# Wingbar handlebars!



## Freqman1 (Nov 14, 2012)

Glad I'm not trying to restore one of these. I think this is about half of what a complete bike cost! V/r Shawn

http://www.ebay.com/itm/Prewar-Mona...235?pt=LH_DefaultDomain_0&hash=item564ebe276b


----------



## npence (Nov 14, 2012)

The good thing is you don't need this to restore a wingbar since to my knowledge the speedo stem was never factory on a wingbar only a flo cycle but could of been added as a upgrade.


----------



## HIGGINSFOREVER (Nov 14, 2012)

You all heard of the six million dollar man,Thats part of the six million dollar bike


----------



## Freqman1 (Nov 14, 2012)

Actually as I've told Chris these 24" Monarks do nothing for me. Kinda reminds me of the advice my dad gave me; "always date a girl with small hands it makes other things look bigger" (PG version)! V/r Shawn


----------



## npence (Nov 14, 2012)

I agree with you Shawn except for the wingbar it is one sweet bike. One of my favorites and you really can't tell it is a 24" bike sitting next to any 26" bike.


----------



## OldRider (Nov 14, 2012)

Were all SilverKings built as a 24 inch? I've always admired them but I'm too tall for a 24 inch and I won't own a bike I can't ride.


----------



## npence (Nov 14, 2012)

I'm 6'4" and I can ride my wingbar just fine feels like a 26" bike to me.


----------



## HIGGINSFOREVER (Nov 14, 2012)

npence said:


> I agree with you Shawn except for the wingbar it is one sweet bike. One of my favorites and you really can't tell it is a 24" bike sitting next to any 26" bike.

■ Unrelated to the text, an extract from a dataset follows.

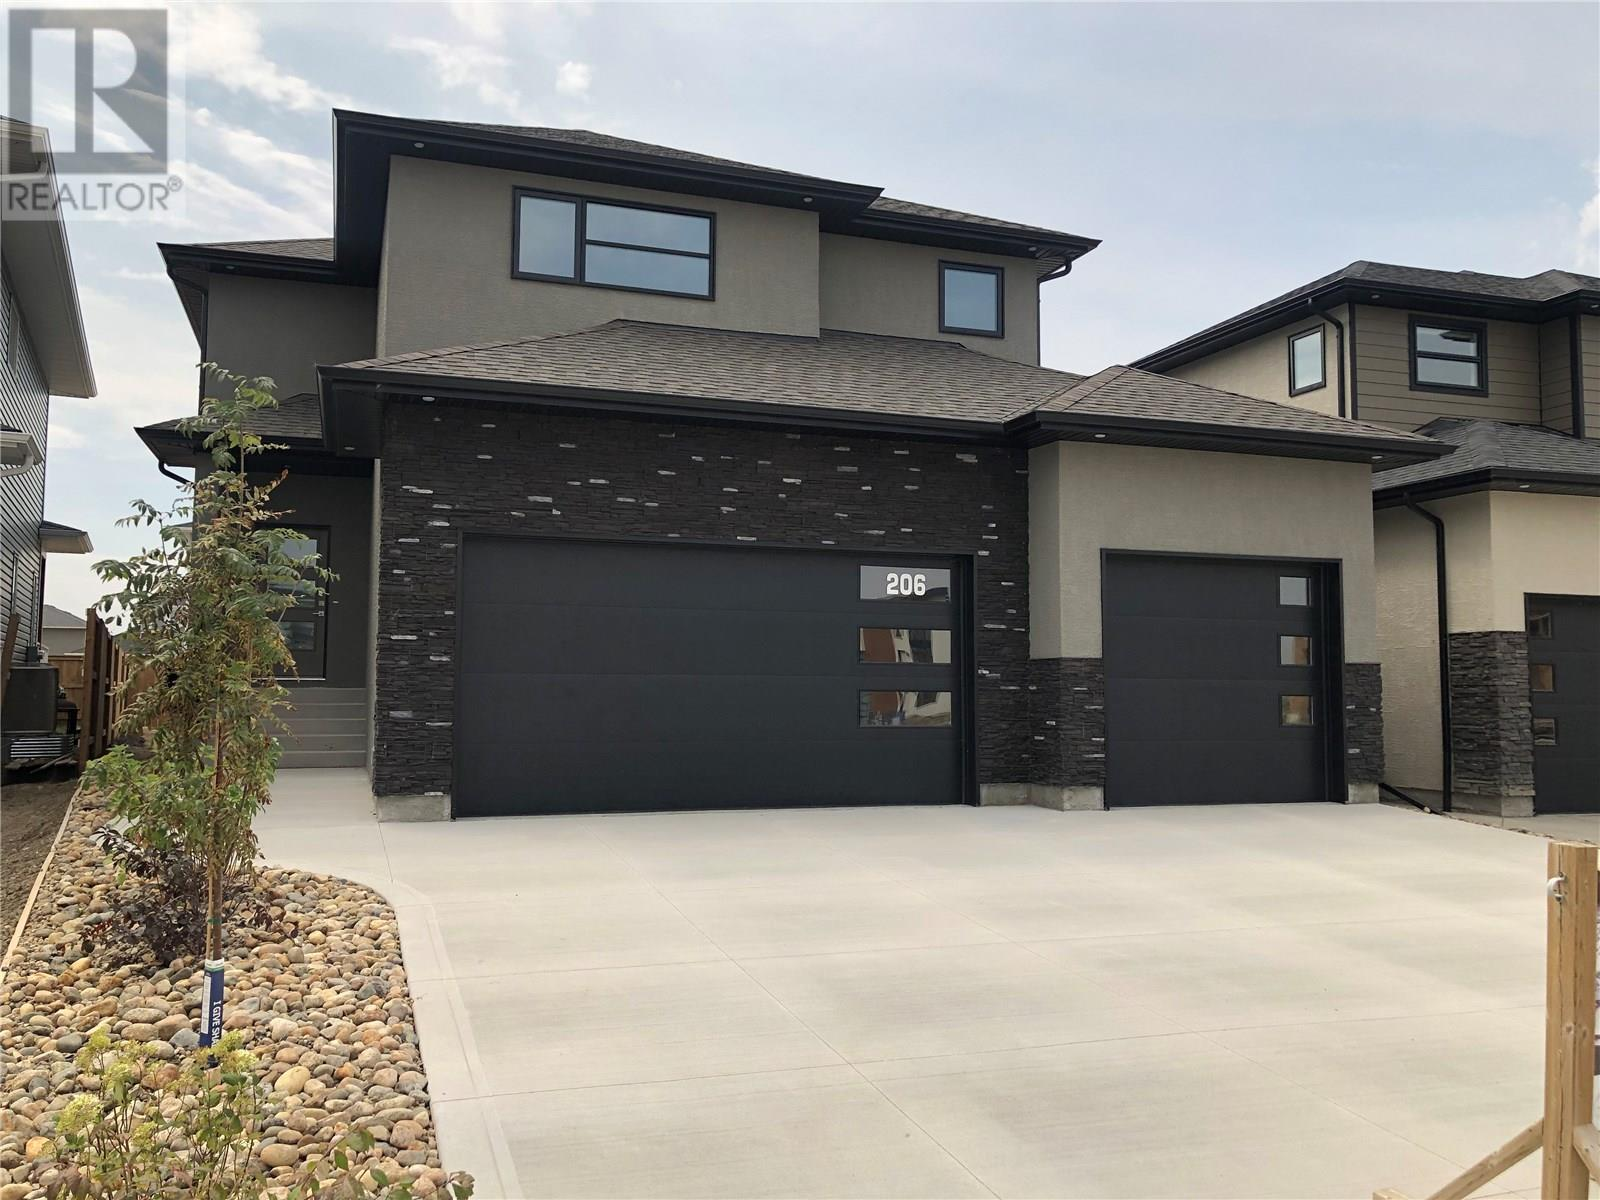 206 Kenaschuk UN, saskatoon, Saskatchewan

Let me sum it up with one word   WOW


----------



## scrubbinrims (Nov 14, 2012)

I don't generally comment on a seller's asking price, but that's steep even though condition on this package is nice.
If we are talking about hex bars and the specialized speedo neck to accomodate them...
There is a button to make an offer and maybe the pricing is just strategy within the climate of today's ebay.

Either way you look at it, Wingbars (and Flocycles) are chock full of cool, htf expensive components...bicycles for rich kids as Jerry Peters puts it.

They don't ride like 24" wheel sized bicycles, but that common misconception that keeps folks away which means more goofy bikes for me!

Chris


----------



## bike (Nov 14, 2012)

*The bikes were DESINGED to be*

for the same size kid as a 26" - the trend in cars was smaller wheels- they applied this to bikes- for popularity purposes they later sold some 26" models including the 26x and hextube..


----------